Today, children from around the world travel to the Children's Peace Monument at Hiroshima Peace Park every August 6th to drape wreaths of paper cranes over her statue. The inscription at its base reads, This is our cry. This is our prayer. Peace to the world.

Sadako was making magic. She was making evidence—of a life, of a wish, of a refusal to stop despite every reason to. The cranes were proof that she had been here and that she had wanted something.

The Whole Math

So, why am I writing myself, then? To increase the likelihood of what, exactly? Higher chances of leaving a legacy? Of far-future anthropological discovery? Of getting a wish granted through my makeshift Senbazuru? No, I don't think so. I think I'm trying to increase the likelihood of the right person finding my words when they need to hear them. Whether for solace, comfort, or inspiration.

As I've said, this is not a chore for me. Words flow out like a broken faucet. Many would tell you my pace is a one-way ticket to burn-out, but I have been burnt out. I have been ash. This is enjoyable. In truth, I think I have my Mom to thank for this. I could spend hours talking to her every day. She always has something interesting to say—a colourful story to share, an anecdote that's somehow new to me after all these years. I am so grateful for her in every way imaginable.

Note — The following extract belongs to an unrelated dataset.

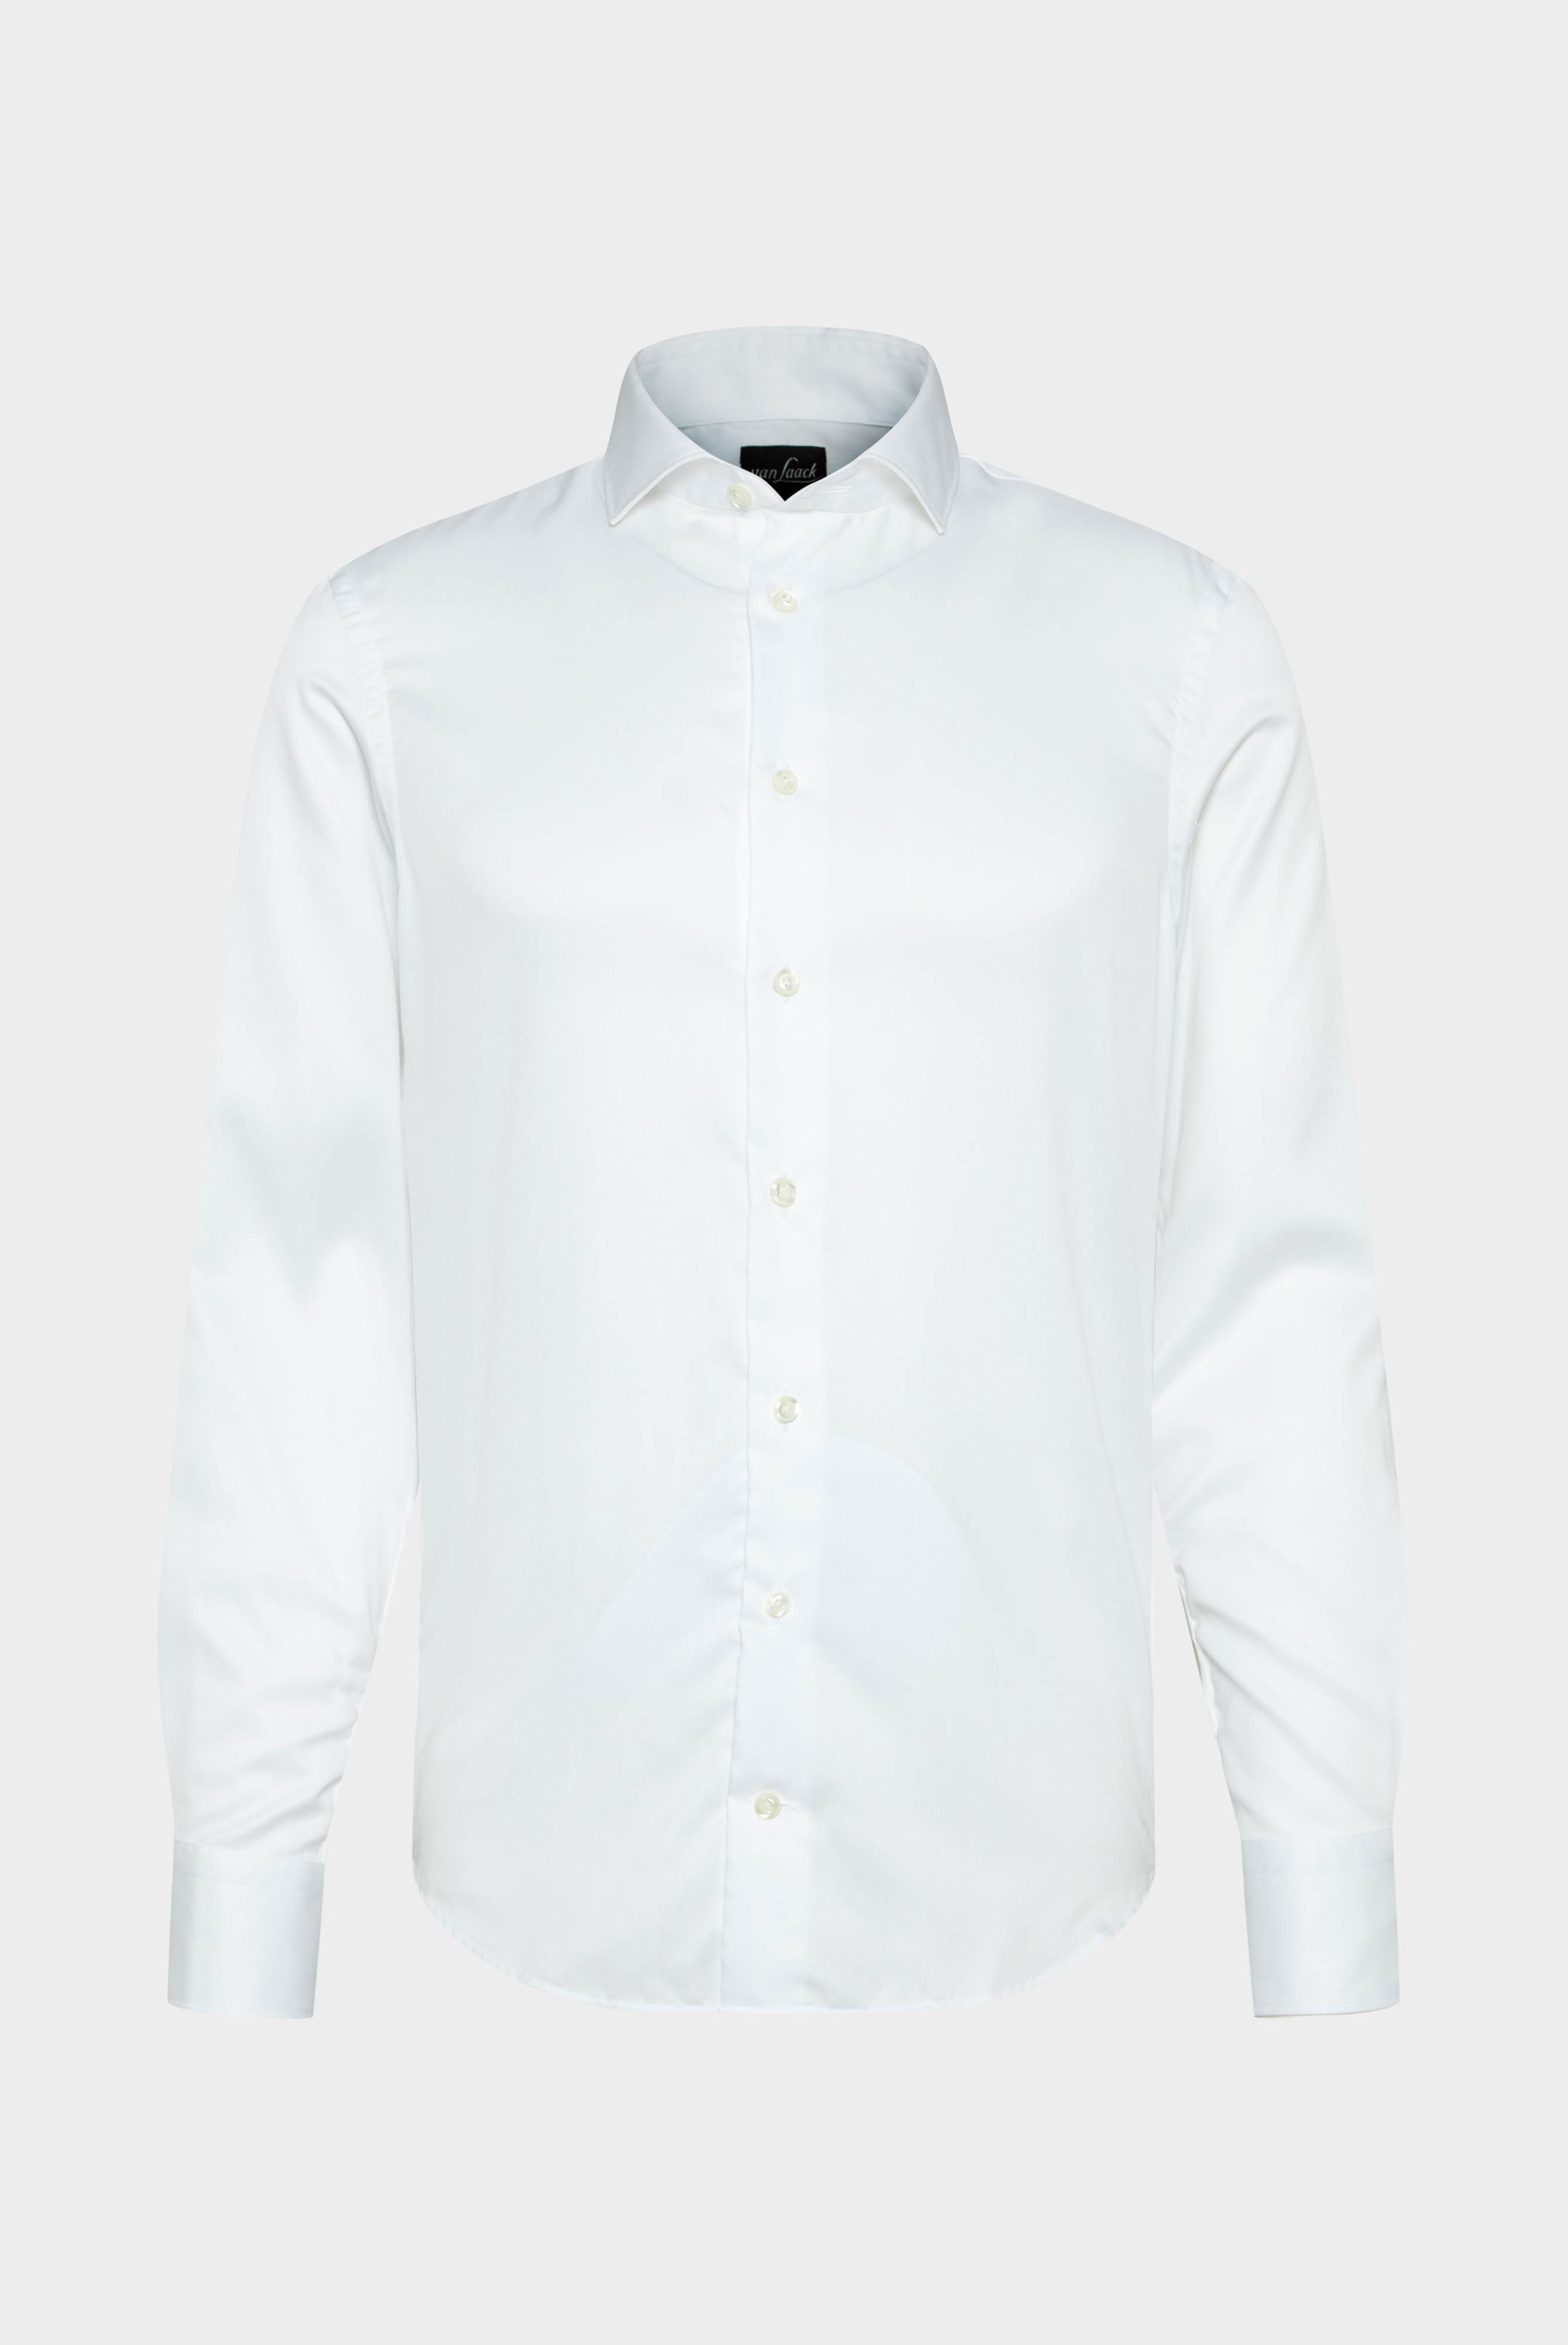 Bügelleichte Hemden+Bügelfreies Hybridshirt mit Jerseyeinsatz Slim Fit+20.2553.0F.132241.000.40

I write about whatever captures my attention and interest in the current moment, and then I write my message in the bottle and it flows down the running river. A lot of the time, I don't really think about the topic again. I've said what I have to say.

Some bottles drift into strange geography. There was the one I sent out in the small grey hours of an anxiety attack—a morning I woke into dread and couldn't locate its borders, couldn't tell where my body ended and North Darfur began, where Kansas arrived and Haiti receded. I wrote about whose suffering counts, whose death gets reported, what it means to witness catastrophe from behind glass. I fold the paper and let it go.

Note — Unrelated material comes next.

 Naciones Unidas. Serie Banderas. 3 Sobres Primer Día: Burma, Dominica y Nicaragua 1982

There was the bottle containing fifteen hours of Saskatchewan prairie seen from a passenger window—grain elevators sliding past like punctuation, my brother driving. The small towns with beautiful, desolate architecture of goodwill. I wrote that one down, folded it, and it went into the river before I could think too hard about whether it was good.

There was the crane about poetry—sneaking off school grounds to write in a back alley, shoplifting Ginsberg and Neruda from Chapters because I needed them more than I needed to be honest about my poverty. The back of my jacket was my library. I'm alive today because of those stolen books.

There was the Moon, written into a sky I would spend thirty years tilting my head at—full of lunacy and the first human poems and the face of every civilization that has ever stood outside at night and needed something to look at.

Every one of these is a crane I've folded from whatever scrap paper I have. The medicine wrapper, the Dollarama receipt, the plastic wrapper of a chocolate bar. Each one paper stuffed into a bottle during an afternoon with the faucet open and the river running. I don't know where the current takes the bottles, for all I hear is the silence of the sea.

For Theophrastus released his bottles in 310 BC and they helped us understand the Mediterranean, and the Paula's bottle crossed 132 years of ocean before it reached the right beach, and Sadako folded 1,450 cranes and her wings are flying over this world, and Johnson's Rambler sat unread in its penny sheets until someone gathered it into volumes and gave it to the future.

I write a post a day. Maybe one in a hundred lands on the right shore. That's enough. By the logic of drift bottles, by the logic of cranes, by the logic of the essai itself, the attempt is entirely sufficient.

That's the whole math of it. You don't fold a thousand cranes to receive a wish. You fold them because your hands know what they're doing. Somewhere in the world, the right person is walking a beach, looking for something to put on her shelf, not yet knowing what she's about to find.